*MATERIAL FOR THIS EXERCISE*
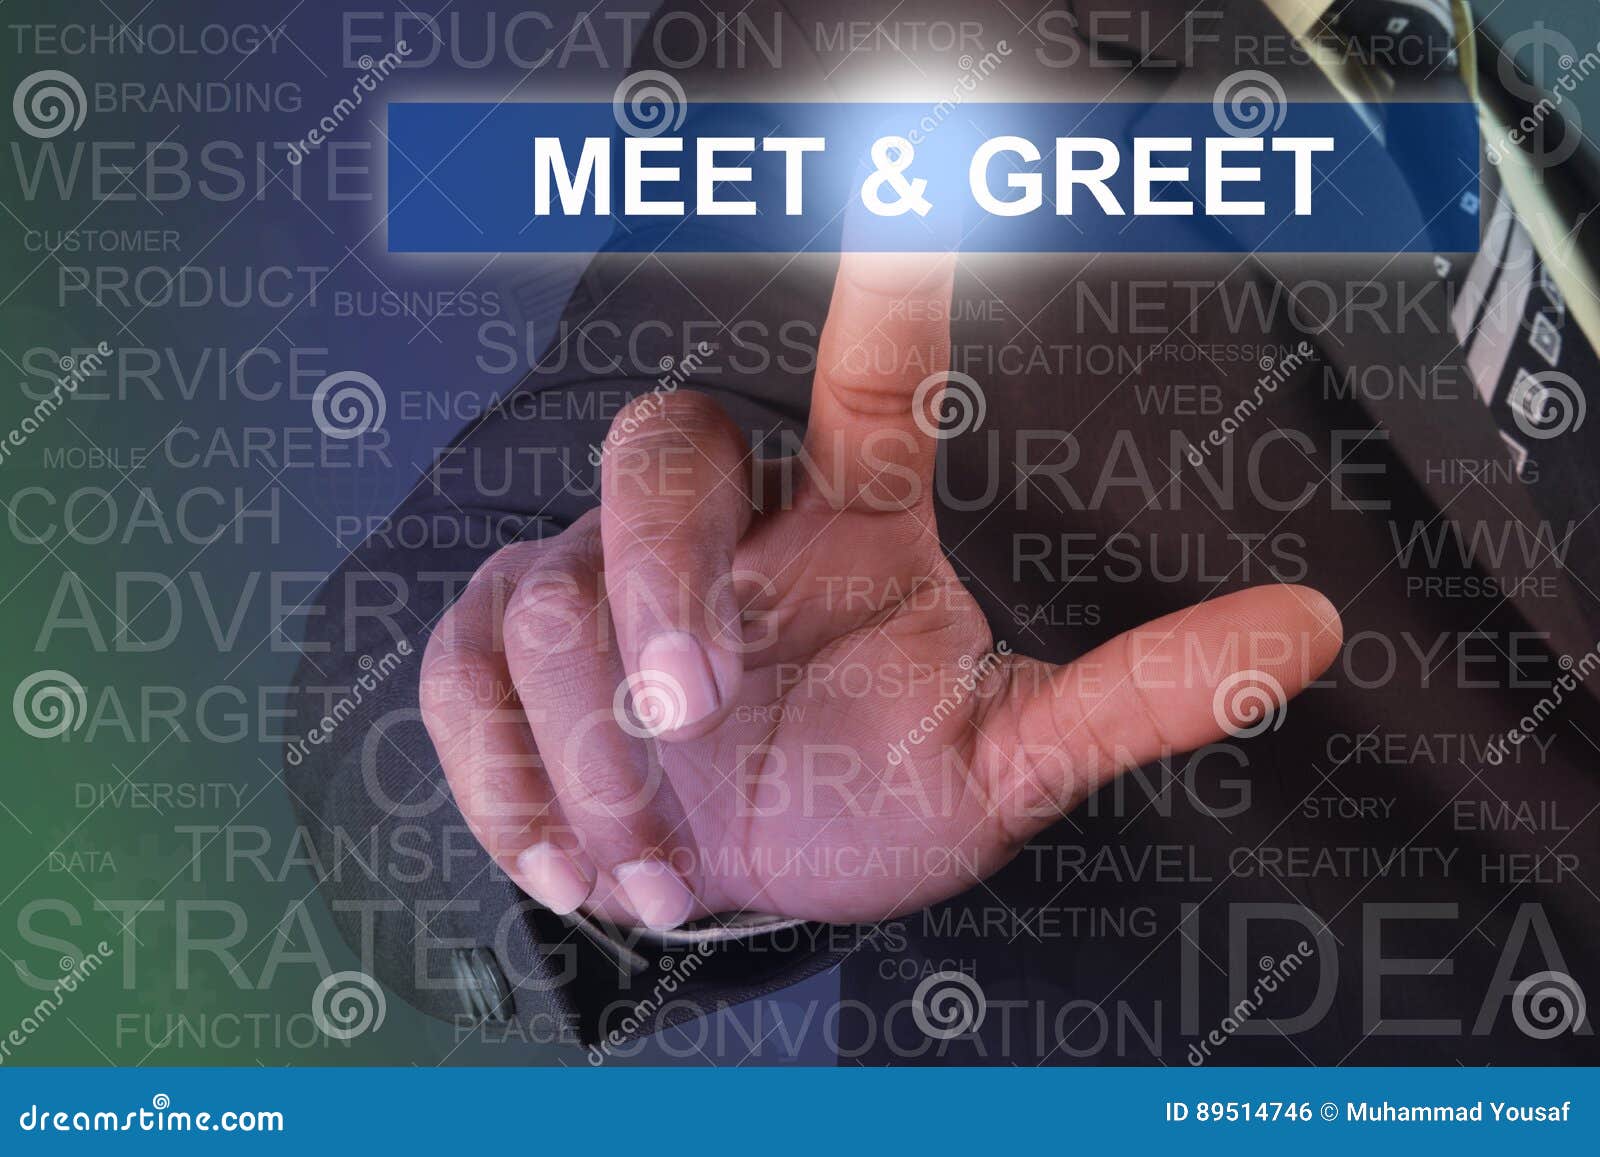 businessman touching meet & greet button on virtual screen
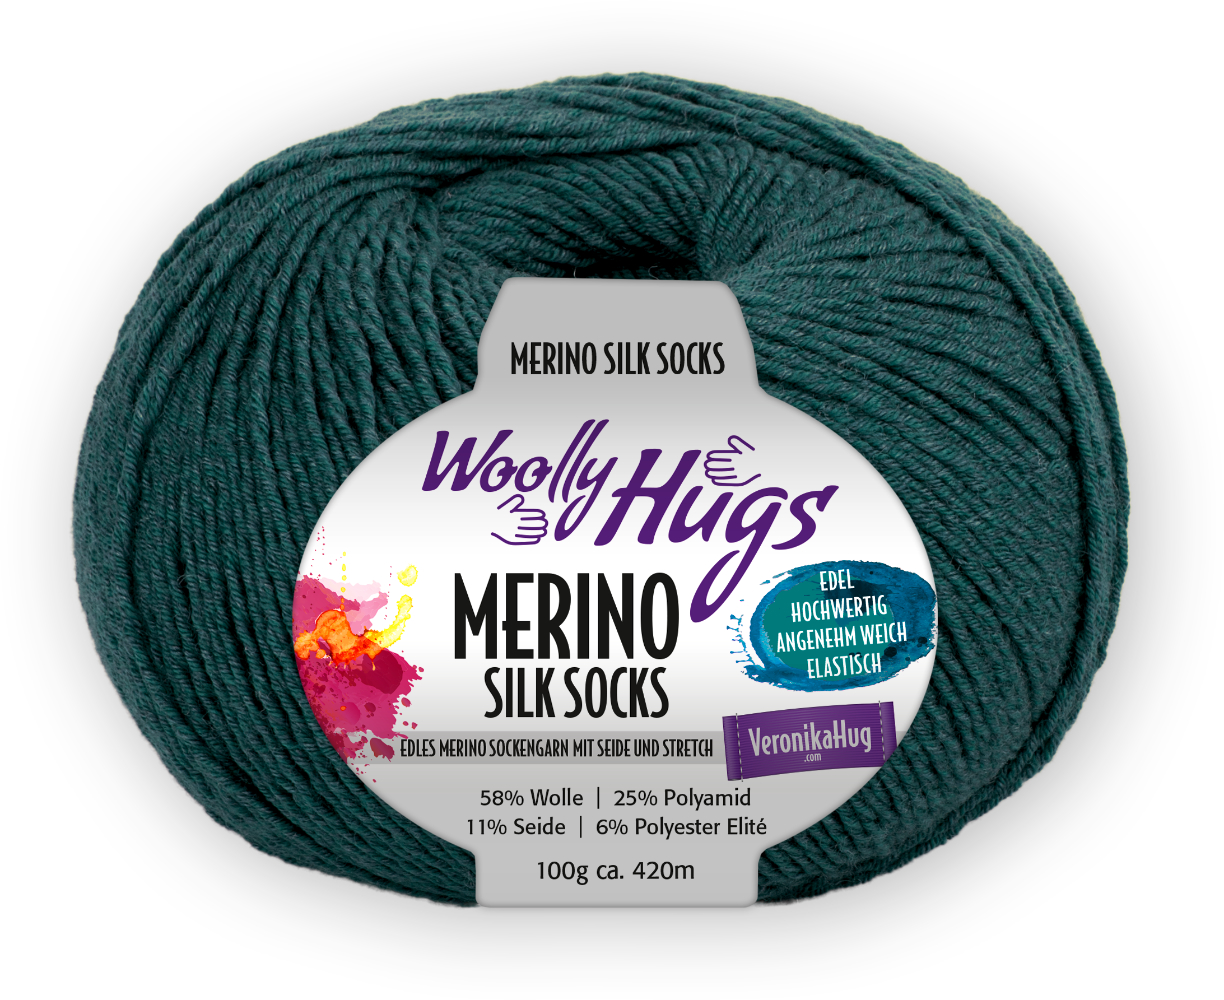 Merino Silk Socks Stretch, 4-fach von Woolly Hugs 0268 - petrol
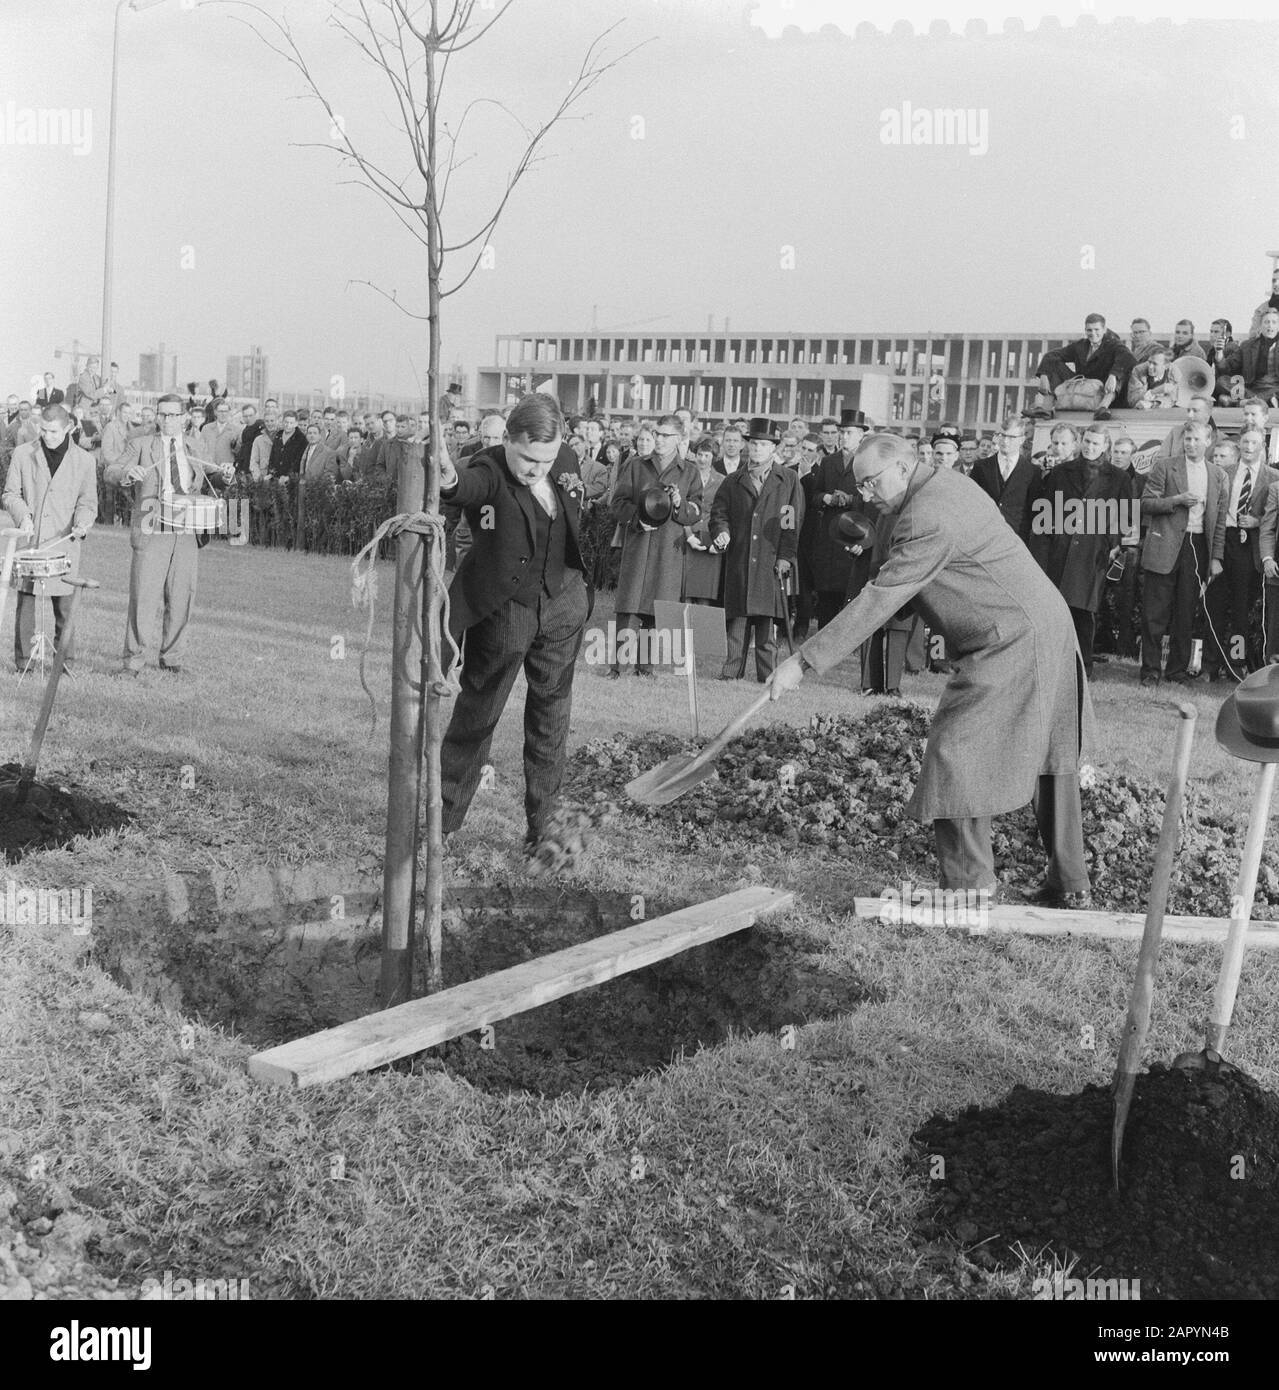 Pflanzen der Freiheit Baum von Studenten in Delft Datum: 15. Oktober 1960 Ort: Delft, Zuid-Holland Schlüsselwörter: Pflanzen, STUDENTEN Stockfoto
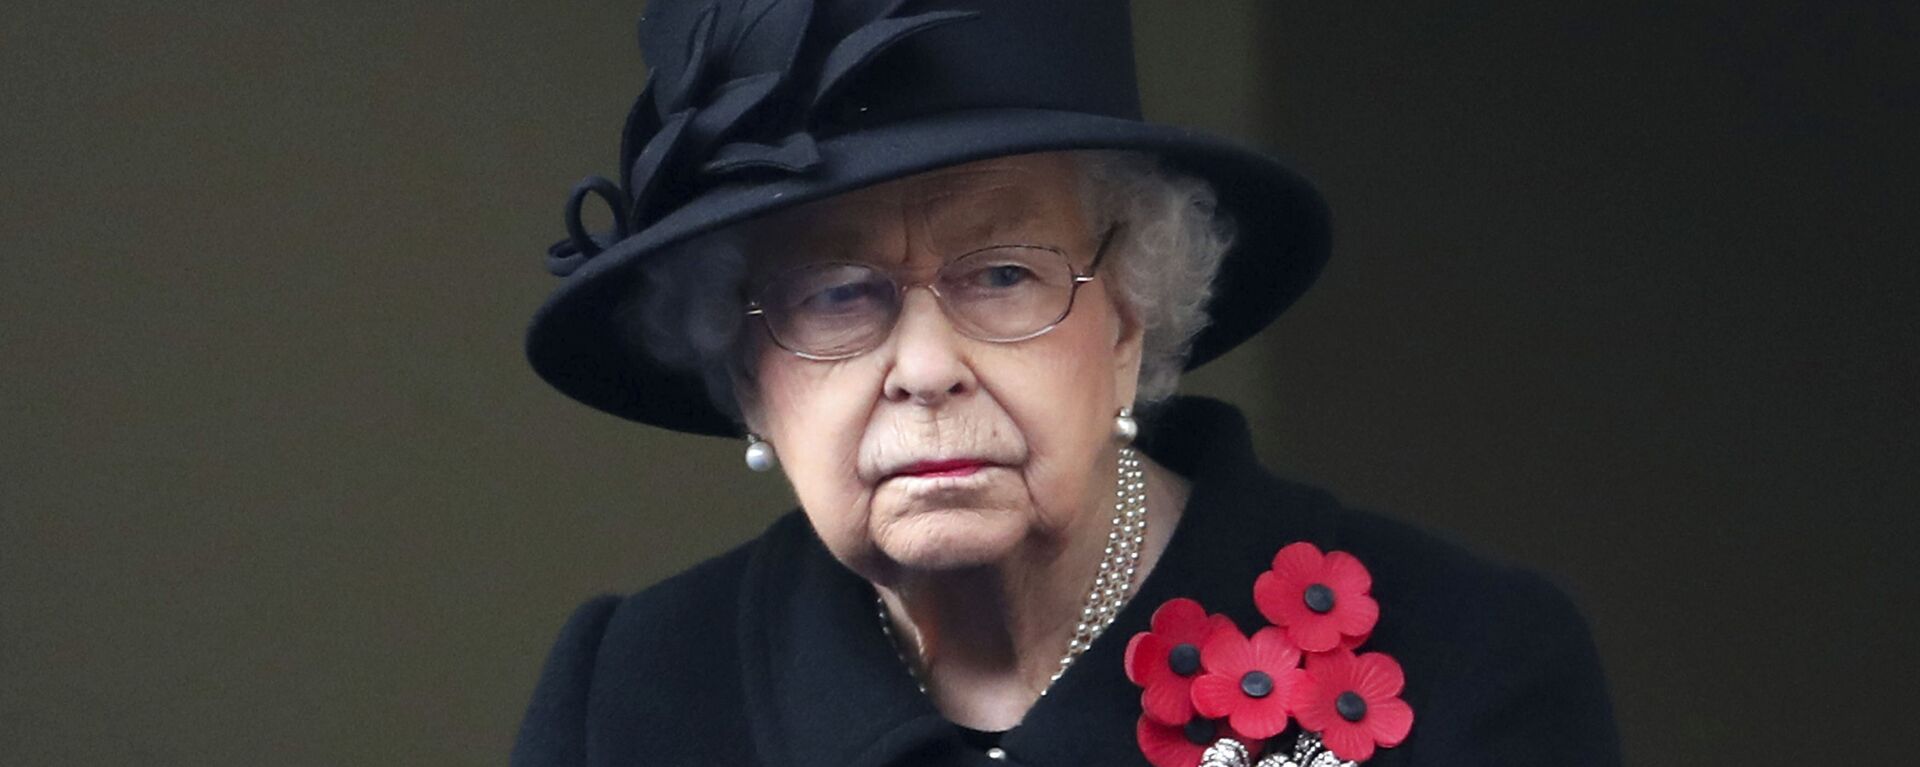 Nữ hoàng Elizabeth II của Anh nhìn từ ban công của Bộ Ngoại giao, trong buổi lễ Chủ nhật tưởng nhớ tại Cenotaph, ở Whitehall, London, Chủ nhật ngày 8 tháng 11 năm 2020 - Sputnik Việt Nam, 1920, 27.10.2021
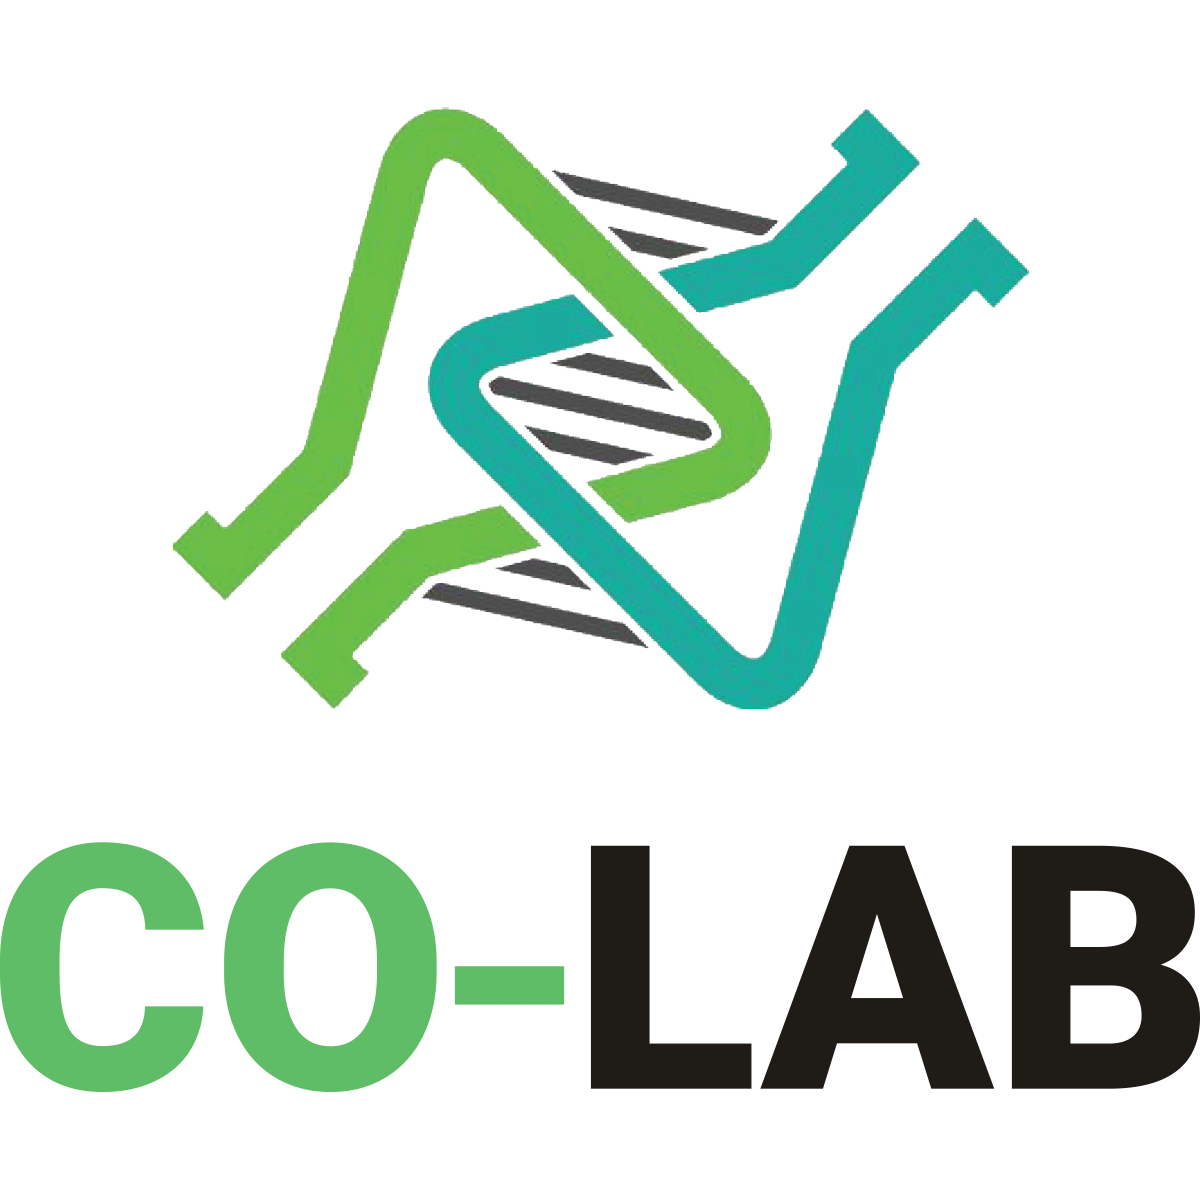 Co-lab
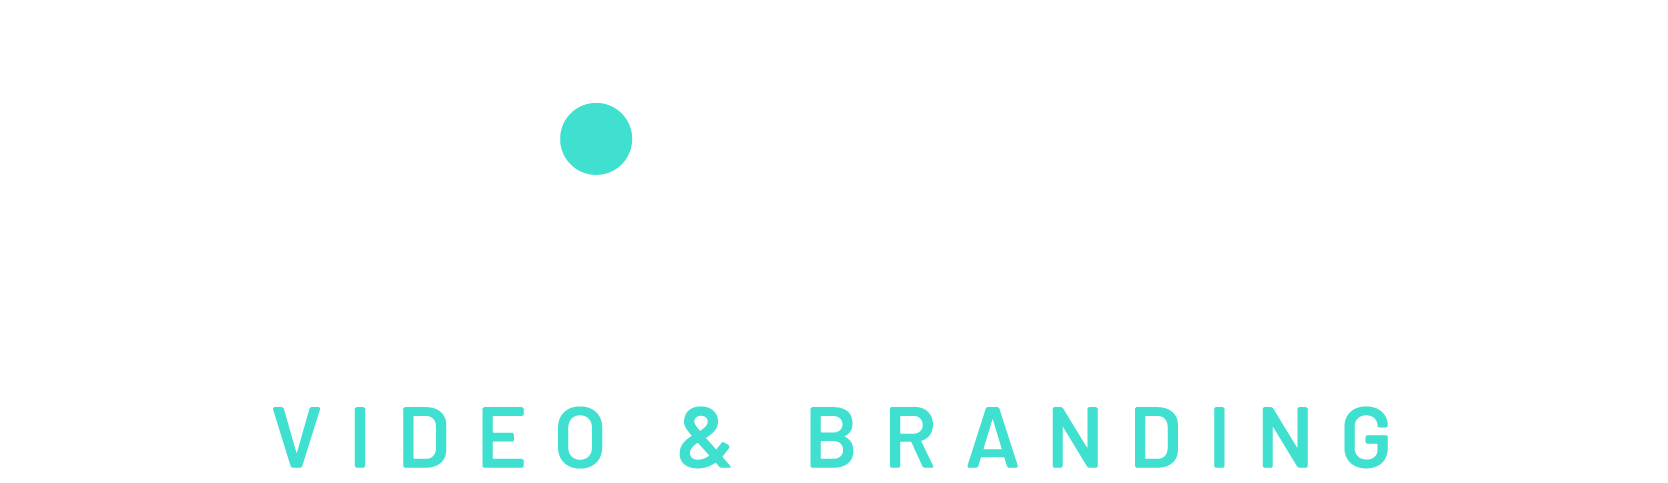 Ca-chet Brugge logo & branding

*WHAT THE TASK ASKS*
Quote word for word only the lines above from the one containing "Merino Silk Socks" through the one containing "Pflanzen der Freiheit". Pictures stay out of your copy.

*SOLUTION FOR THIS PROBLEM*
 Merino Silk Socks Stretch, 4-fach von Woolly Hugs 0268 - petrol
 Pflanzen der Freiheit Baum von Studenten in Delft Datum: 15. Oktober 1960 Ort: Delft, Zuid-Holland Schlüsselwörter: Pflanzen, STUDENTEN Stockfoto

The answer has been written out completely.